Give InKind recently sat down with Sharagim Kemp, MD, whose specialty is in primary care. In the course of treating patients, she treats families. Kemp enjoys developing longstanding and continuing relationships with her patients. We asked about how best to help a family in treatment for cancer – up to and including terminal diagnoses and necessary hospice care.
Dr. Kemp advises that a contact person be designated. Avoid bombarding cancer patients (or their families) with multiple phone calls. That said, it is imperative that the patient know that s/he is being thought of; that s/he has not been forgotten by a caring community. If you are the designated contact, be sure to write down the sorts of things that people are asking, saying, and offers of help. This sort of thing staves off isolation.
Have a set schedule of meals for people to supply for the family. If meals are being prepared locally and delivered, consider leaving a refrigerator outside. Make sure to use dishes that are disposable or that you never expect to see again. Where cancer is concerned, no one has time to track dishes return. A waiting refrigerator ensures that food will stay safe to eat and that no one needs to come out to receive food – even for a moment. If visitors really are welcome, the family can open the door.
Cleaning services are generally extremely welcome. People with cancer are often discouraged by their lack of agency. It is jangling for people used to ably running a household to be too sick to pick up. In addition, people in chemotherapy/radiation treatment are immune compromised as a result, and a clean house is critical.
Grocery shopping is a welcome gift. When at the grocery store, text the designated contact person as to whether anything is necessary. For families with children, errands are a constant and real struggle. It is always something. Tights for a ballet recital, a glue stick for a book report – these things can make or break a family under great emotional and physical stress.
It is important to respect the space of a family during illness. Even if one has a close relationship with the person who is ill, your visit their impacts the entire family unit – each member of whom is coping in their own way. The ill person may welcome a visit from a friend – but consider too the feelings and needs of the other members of the family. An ill person may save energy for young children – over a peer/friend – no matter how dear. Understand shifting boundaries – and respect them.

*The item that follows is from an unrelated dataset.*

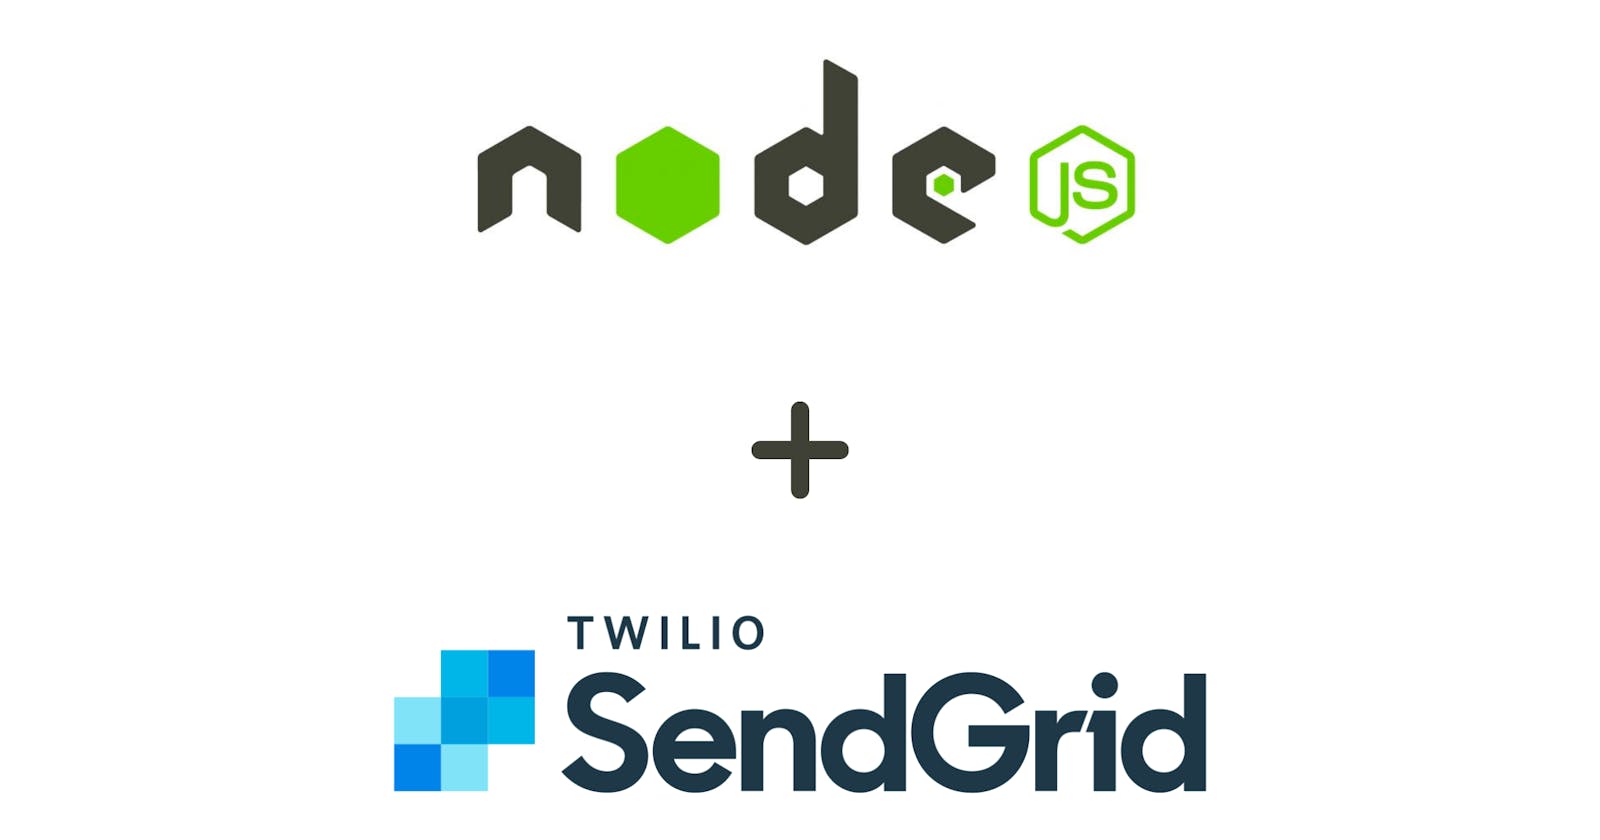 How to send a email using Sendgrid and Node.js ?

If the patient is up for a visit, do keep it short. Energy is a precious commodity.
Depending on your relationship to the patient, you don’t necessarily have to avoid painful topics. Know who you are to the patient. Be mindful of cues as to how much to press – but if you want to go to places of fear or uncertainty, you can. The patient spends a lot of time there – and might use the company. Just read the situation carefully. Patients know what is happening – an opportunity to discuss it may sometimes be very welcome.
Don’t forget to support the caregiver. Provide respite. Do go ahead and offer to come and spend the night so that the caregiver can rest knowing that someone else is on hand.
Dr. Kemp reminds that one of the hardest parts of cancer is missing out on the important moments in a life. These include the lives of the patient’s children. Do create experiences for a family to cherish. Go ahead and plan a movie showing in the backyard on a summer evening. Make some popcorn and invite a few close friends. Or, bring a school concert home in similar fashion.
If the prognosis is not favorable, help the cancer patient to plan for their death. This can be comforting, because it provides a blueprint for extended family care. No matter how painful a terminal diagnosis may be it is more painful to not understand plans for the care of children and spouse. Doing things like designating close friends to help with specific tasks may be empowering.